The influence of moisture recycling and transport on major drought events is poorly understood, but essential to enhance our knowledge of the atmospheric water cycle. Here, we investigate this for two record-breaking droughts over the Mid-to-Lower Reaches of the Yangtze River (MLRYR), the winter-spring (WS) drought of 2011 and summer-autumn (SA) drought of 2019. Using a land–atmosphere water balance framework, we find the precipitation recycling ratio (the percentage of precipitation in a region derived from the same region’s evaporation) increased during both droughts, especially for the SA drought (from 14.5% to 22.9%). The WS drought was characterized by a 27.8% reduction in external advected moisture, originating principally from the northeast China and Bohai Sea (reduced by 22.3%) and from the northwest Pacific and South China Sea (25.7%).
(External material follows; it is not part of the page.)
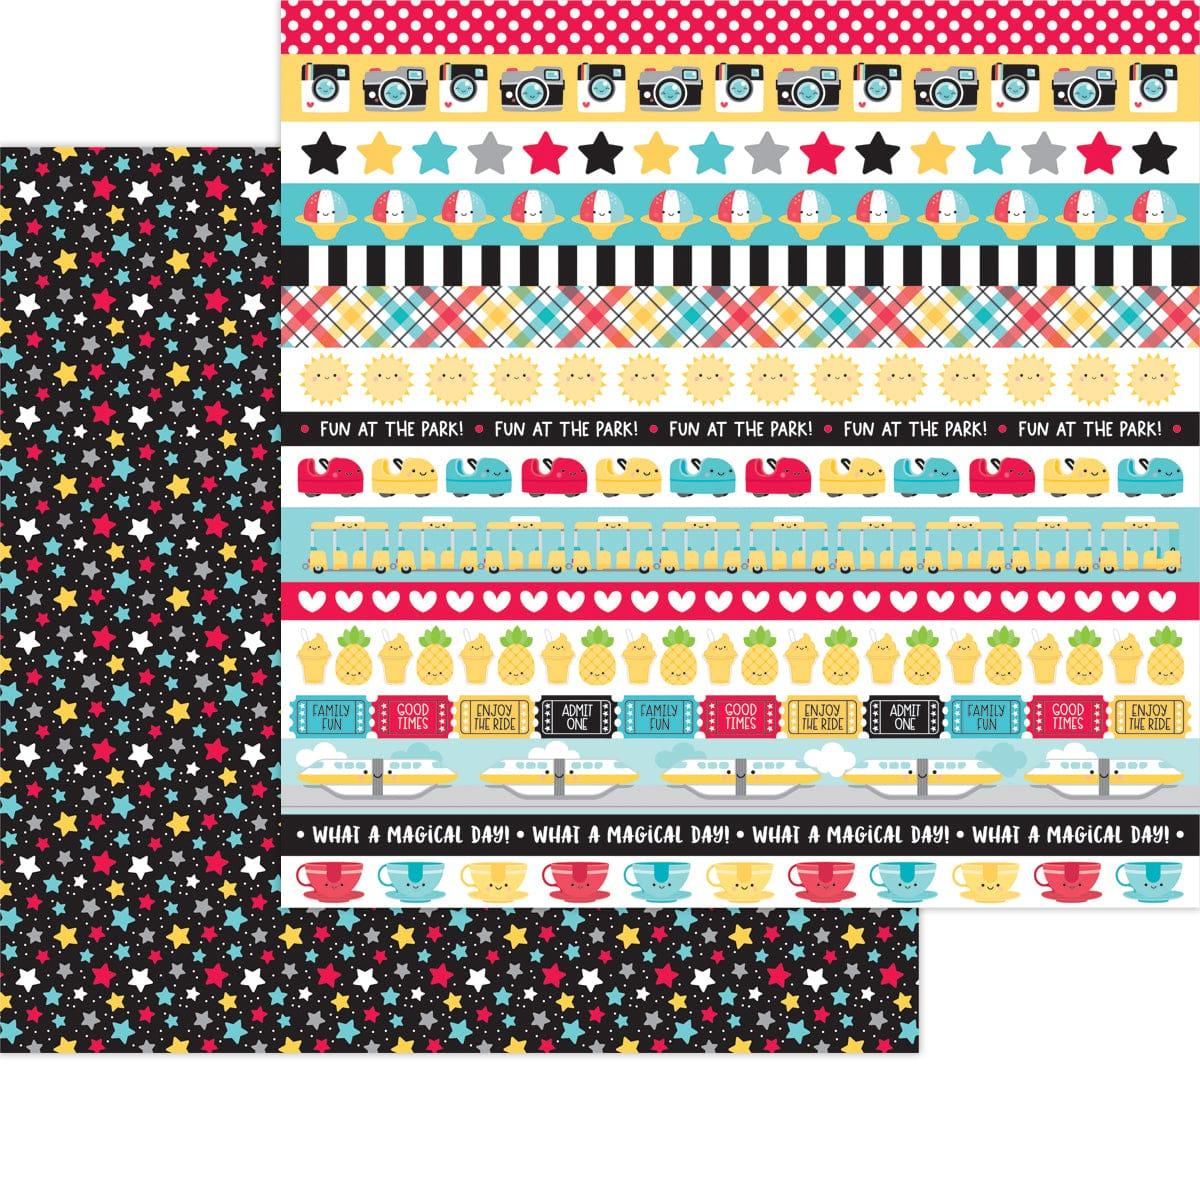 Fun at the Park Collection Movie Stars 12 x 12 Double-Sided Scrapbook Paper by Doodlebug Design - Scrapbook Supply Companies
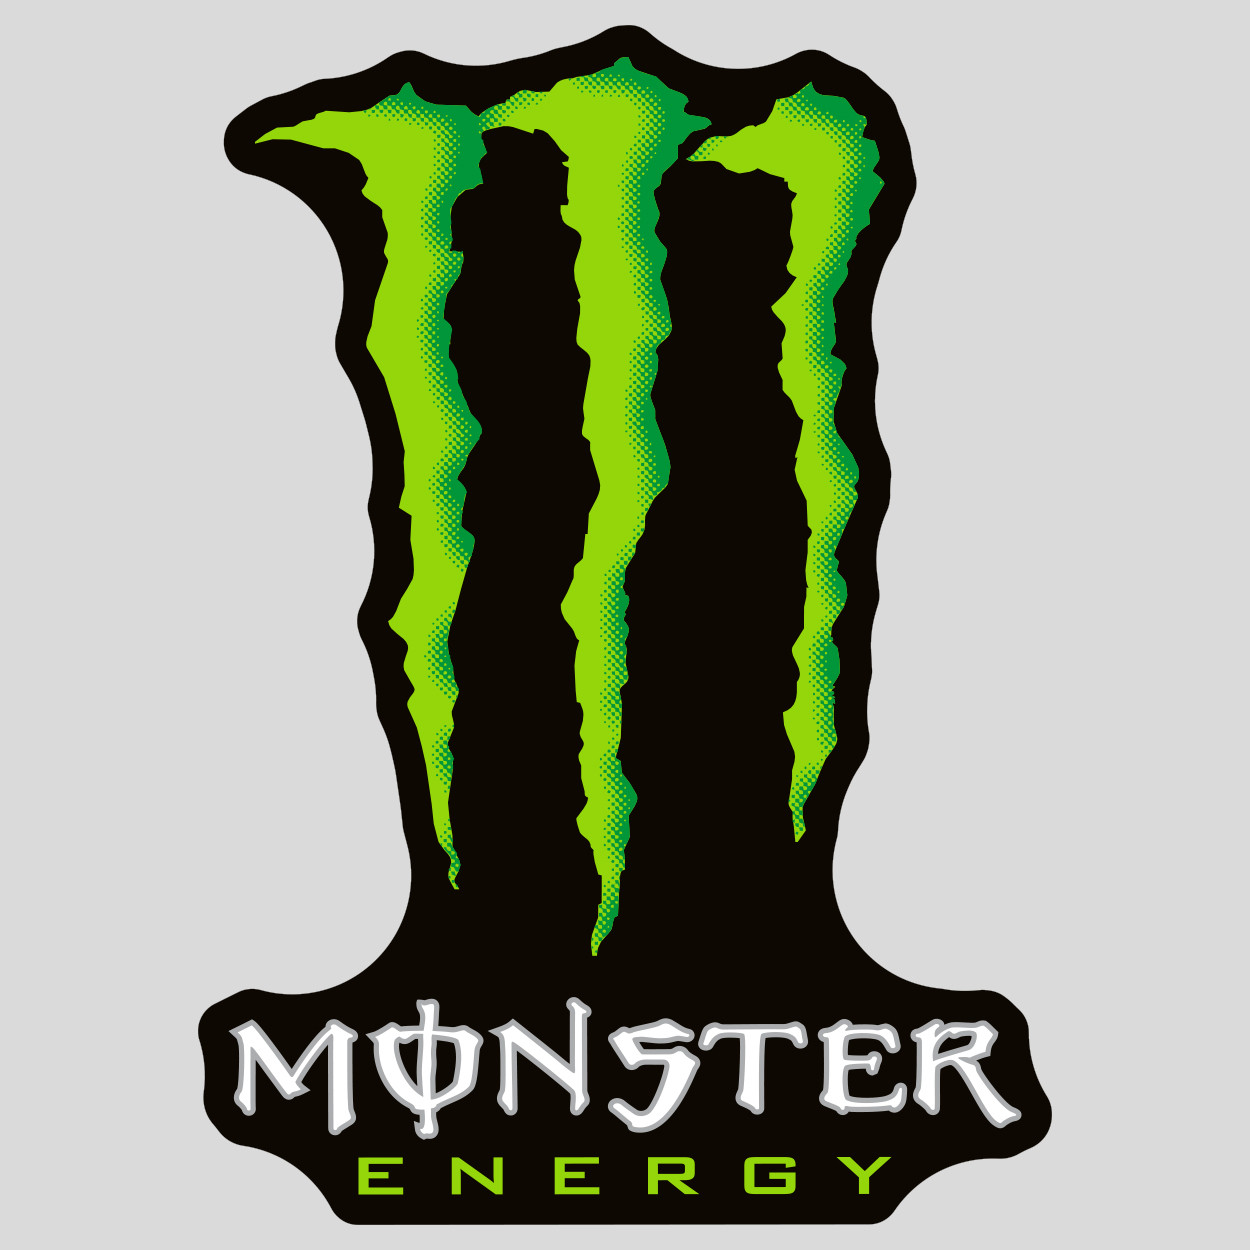 Sticker Monster Energy - Achat neuf ou d'occasion pas cher

The SA drought was driven by a 43.8% reduction in external advected moisture, originating mainly from a southwesterly path, i.e. the Bay of Bengal and the South China Sea (reduced by 26.8%). From a regional viewpoint, moisture transportation from the Pacific Ocean (and South China Sea) decreased during the WS (SA) droughts, mainly resulting in moisture deficit over the MLRYR. Analyses reveal that this reduction was driven by strong negative convergence, which was unfavorable for precipitation formation and enhanced air flow out of the MLRYR. The weakened moisture transport was principally driven by seasonal mean flow rather than transient eddies. Changes in wind (i.e. dynamic processes), rather than specific humidity (i.e. thermodynamic processes) were dominant in regulating the seasonal mean moisture transport. Our study helps understand the atmospheric water cycle anomalies driving extreme drought events, and advances knowledge on moisture transportation and its controlling processes.